The three-week battle to keep a brain-dead Oakland girl on a ventilator could complicate efforts to determine Jahi McMath's precise cause of death, some experts say.

The Alameda County Coroner issued a death certificate for the 13-year-old girl Friday, 23 days after Jahi was declared brain dead, but said the document is incomplete because no cause of death has been determined pending an autopsy, which has yet to take place.

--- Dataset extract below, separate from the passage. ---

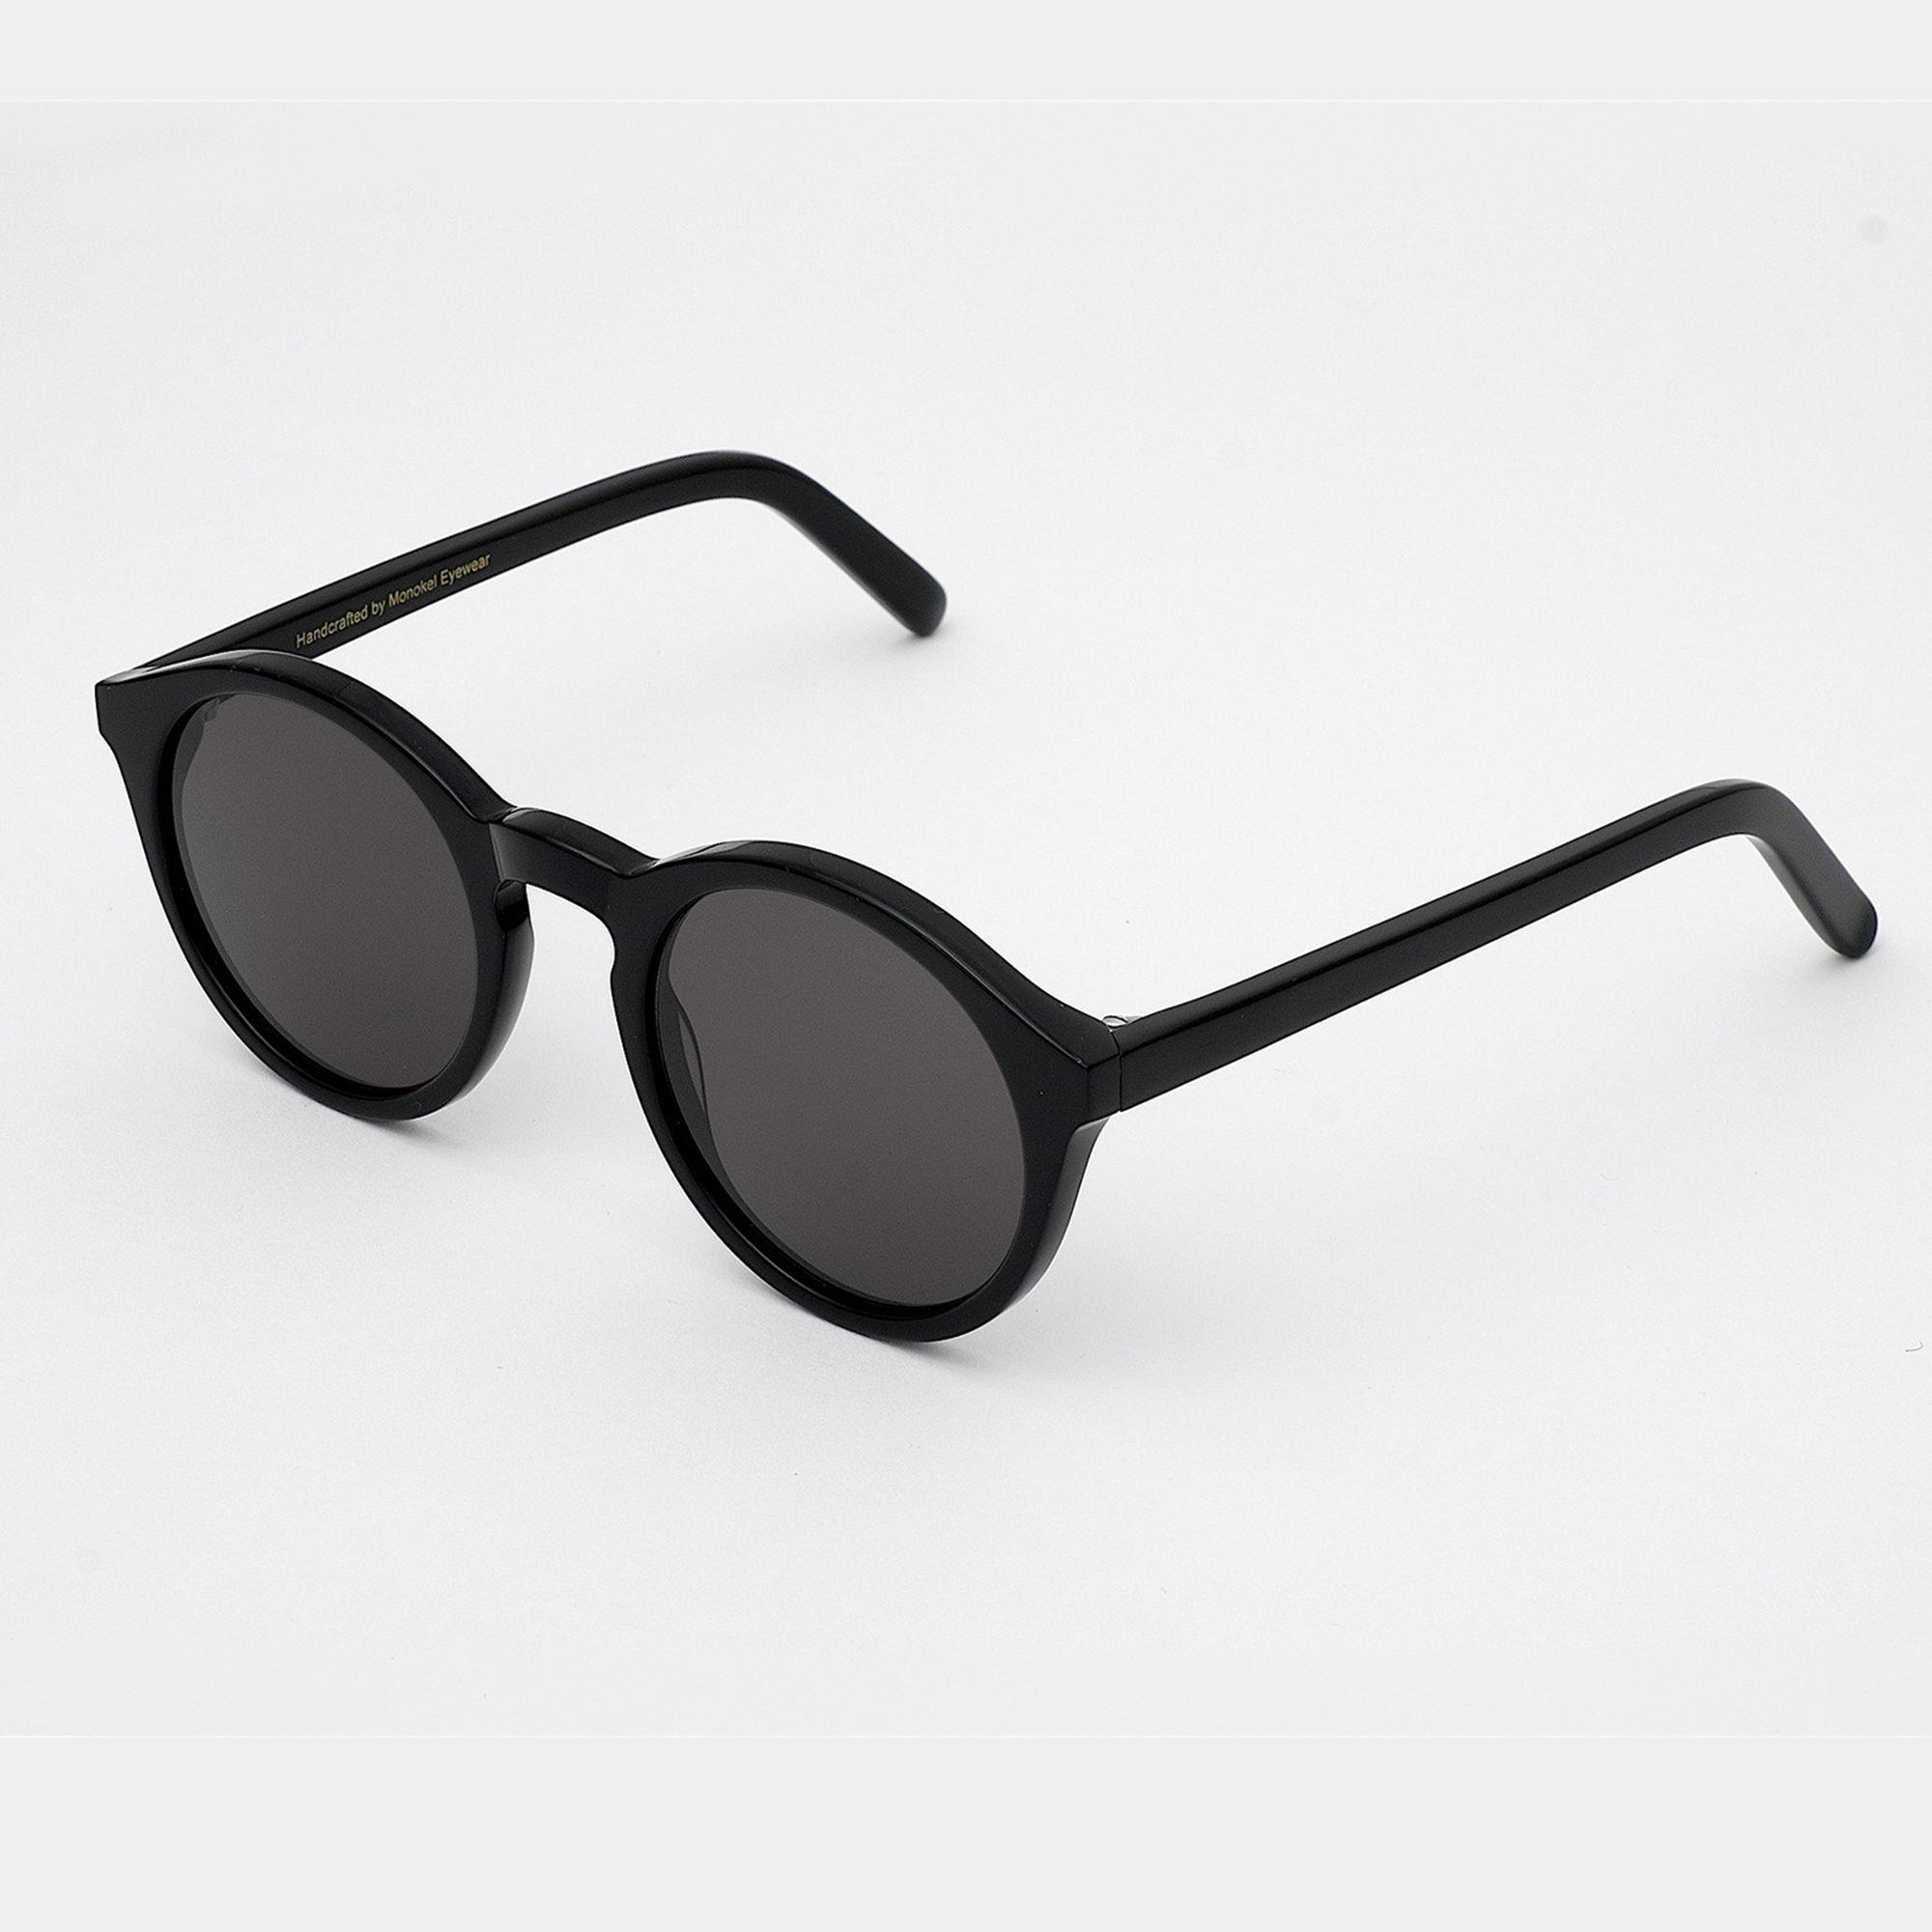 41e2a9ee591f5 Monokel Eyewear - Black Barstow Sunglasses for Men - Lyst. View fullscreen
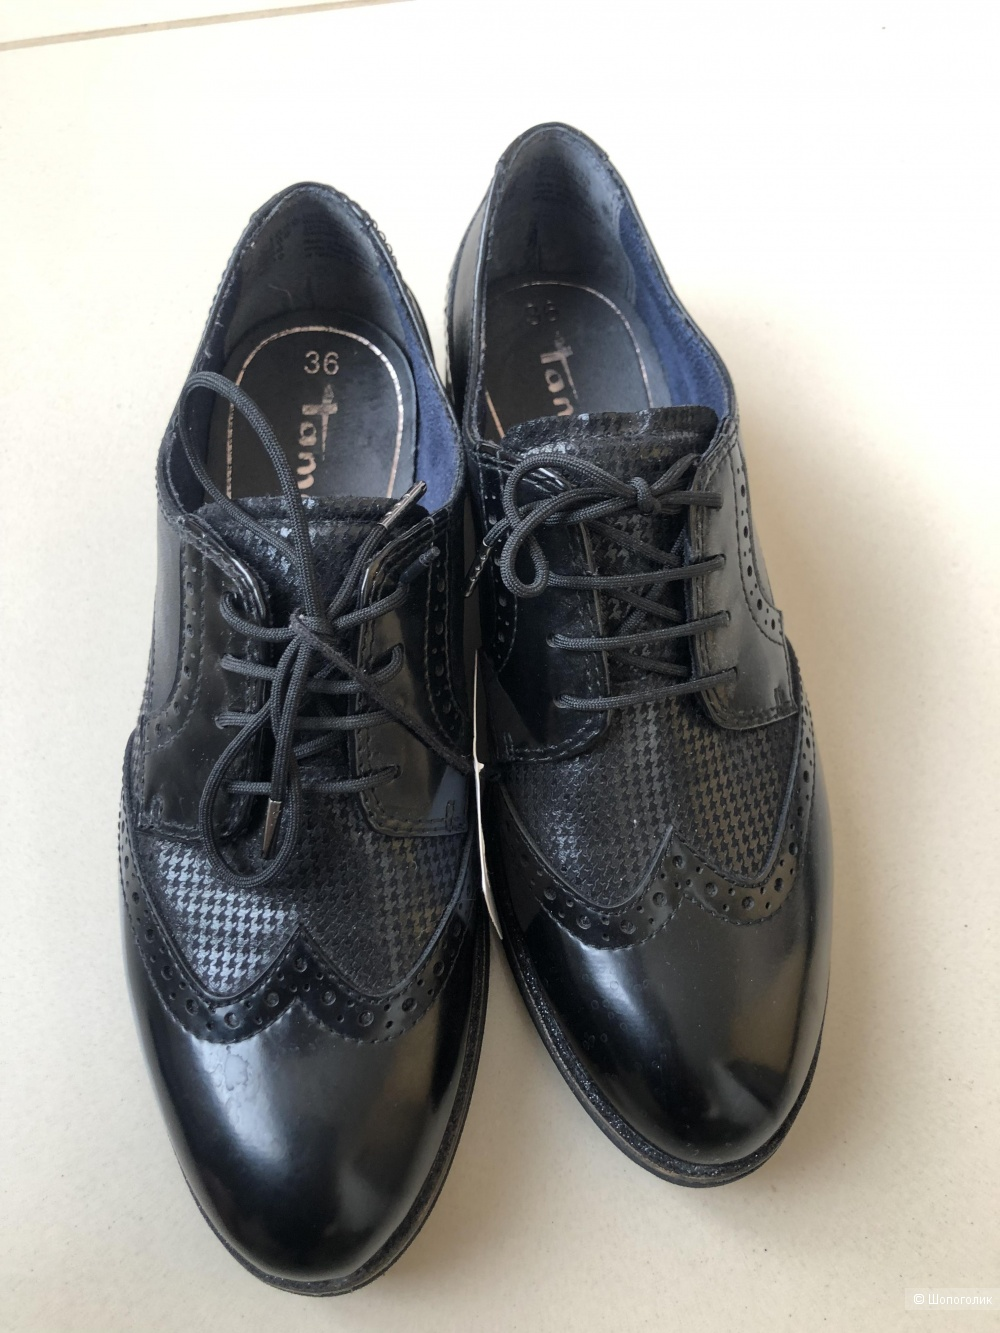 Ботинки-Оксфорды Tamaris 36 размер

"When you don't get an exam relatively quickly, it puts everything into dispute," said Arthur Caplan, head of the Division of Bioethics at New York University Langone Medical Center in New York City and a regular NBC News contributor. "The evidence into what caused the bleeding will be harder to determine, and the ability to show what happened - and the liability - will become way more difficult. The more time you delay, the more difficult it is to establish cause of death because you've lost control of some of the evidence."
[...]
P. Michael Murphy, past president of the International Association of Coroners and Medical Examiners Association and the current Coroner of Clark County in Las Vegas, acknowledged that there can be subtle to pronounced changes that occur to a body after brain death. He has no personal knowledge of Jahi's case, but has been following it closely in the media.

But he added that forensic pathologists are typically "very good at deciphering" how people died in various "degrees and conditions." Murphy also added that, in most cases, hospitals keep meticulous details of a patient's records, which often aid medical examiners on what led up to death.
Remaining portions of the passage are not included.